Digital Storage at Home: Why should anyone care?

Over the past five years, my storage needs have grown at a faster rate in comparison to all other technological needs (computers, gaming, consoles, phones, laptops, etc.). At first, I didn’t realize just how large applications and games had become just to install. I didn’t even take in updates and patches for consideration to the overall size. Add that with ISO (CD/DVD) images, installation executables, pictures, music and video files I had kept; my storage capacity slowly began to vanish.
It wasn’t until I considered not only software had grown substantially, but the number of devices that can capture video or images has exploded via phones and tablets. All these generators of media are prominently in everyday life. Five years ago, mobile phones did not all have cameras but today all mobile phones have a camera. It stands to reason that the opportunity to capture images or any information is growing faster than the storage that contains it.
So with this proliferation of devices in everyday life, the need for central storage becomes apparent to those when free storage space on whatever device has become practically non-existent.
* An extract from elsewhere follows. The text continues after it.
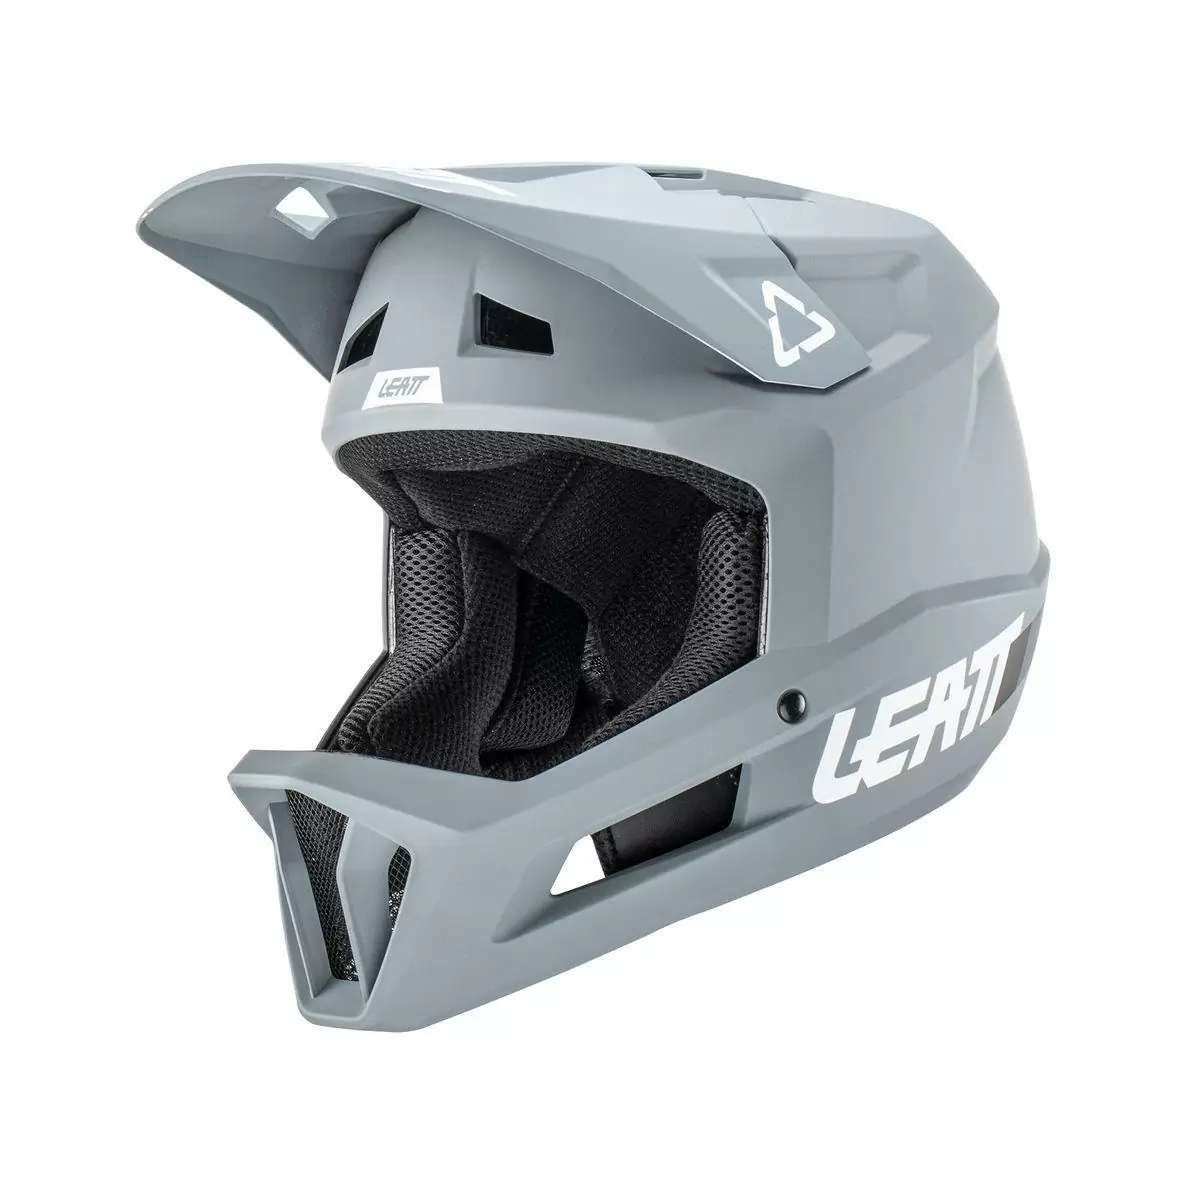 Gravity 1.0 MTB Fullface Helmet Grey Size XS (53-54cm) - image
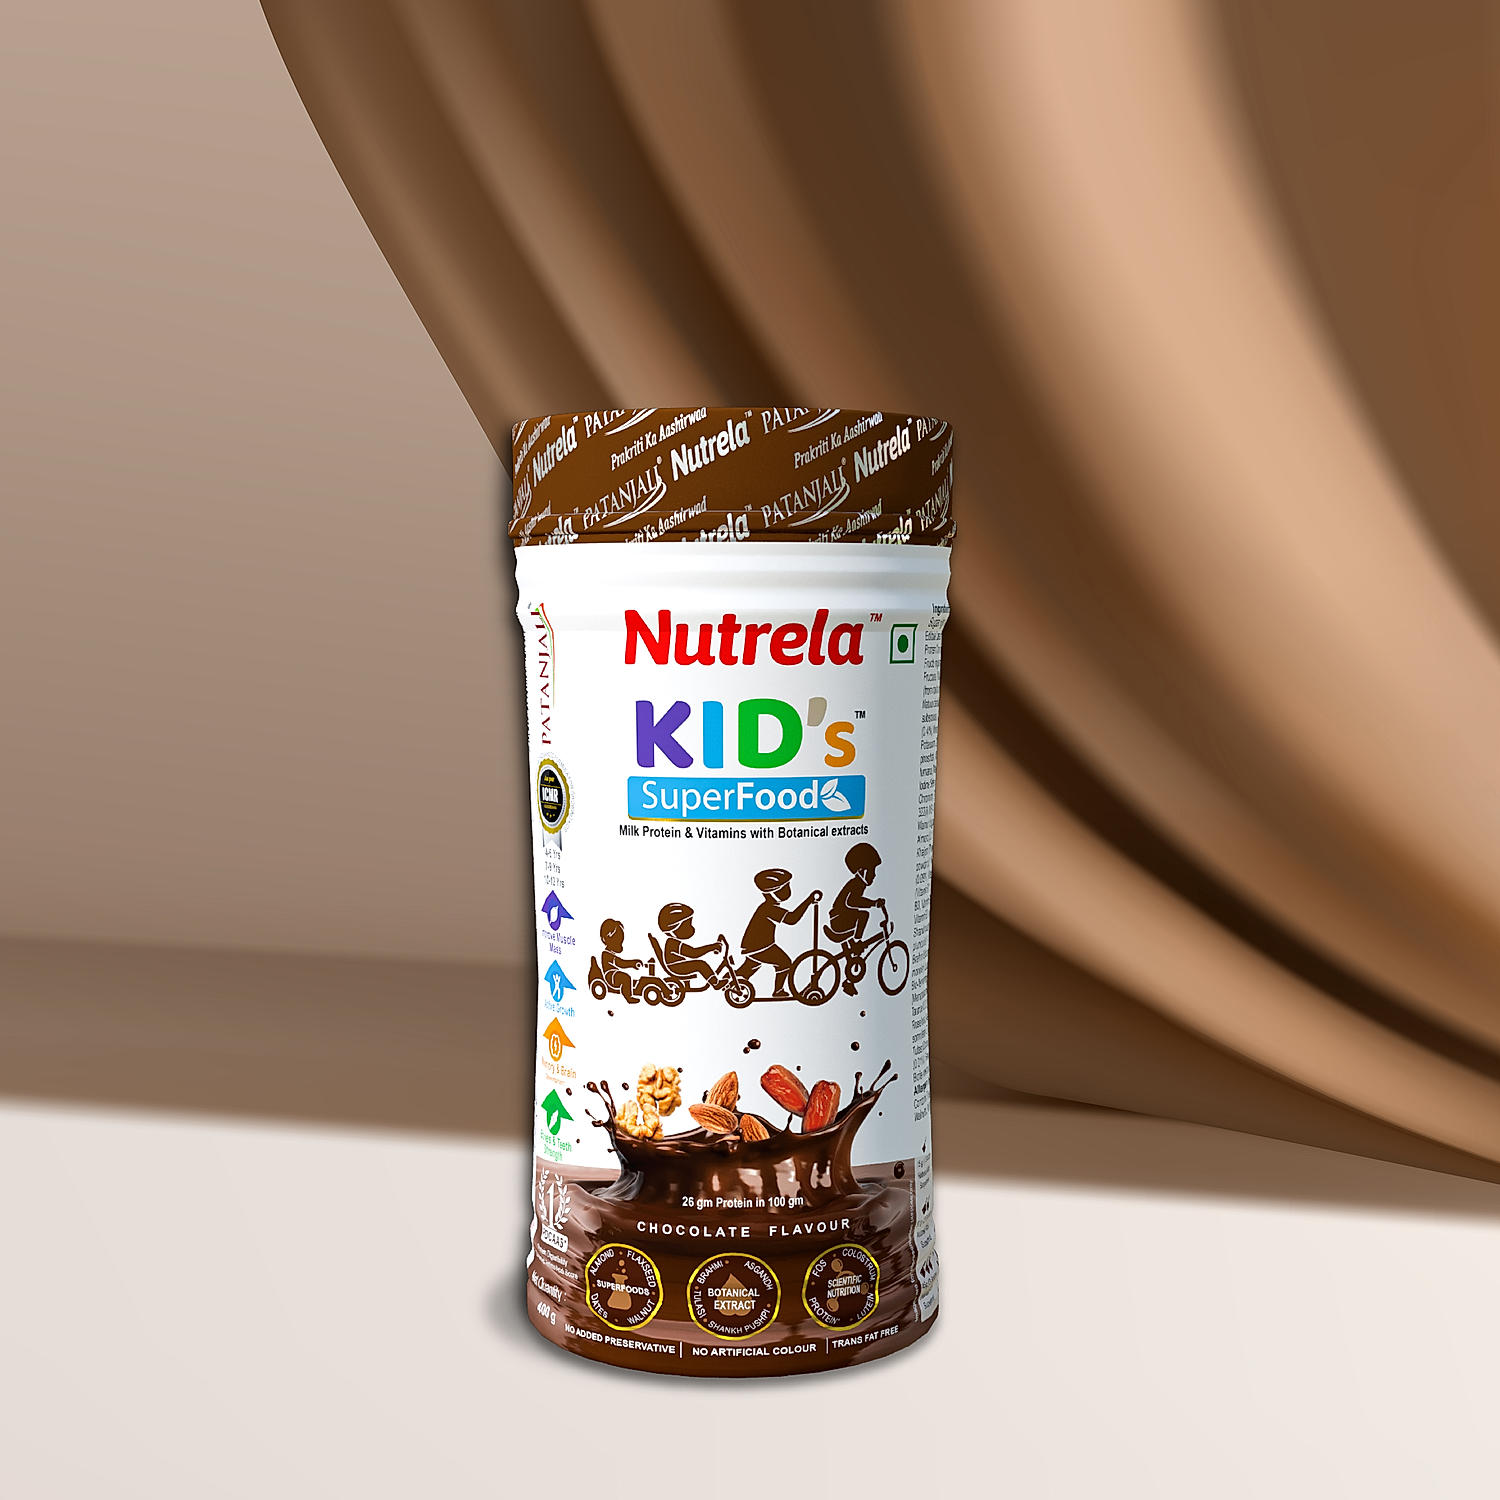 Patanjali Nutrela Kids Superfood (Pack of 1)

Digital storage is treated like most of life’s amenities: you use it with no regard to it’s finite and fragile nature until something goes wrong.
What do people need with all this storage? Well, frankly, anything we want. Storage is a luxury and a necessity. Right now, for most people, I’d argue storage seems more of a luxury, but I’d bet within the coming decade, that luxury will turn into dire necessity. Currently, free social services like Facebook, Google+ are mitigating the storage nightmare to come, but sooner or later, between the harsh bandwidth caps of Internet Service Providers (ISPs) and privacy rights or lack thereof, people unknowingly want larger local storage.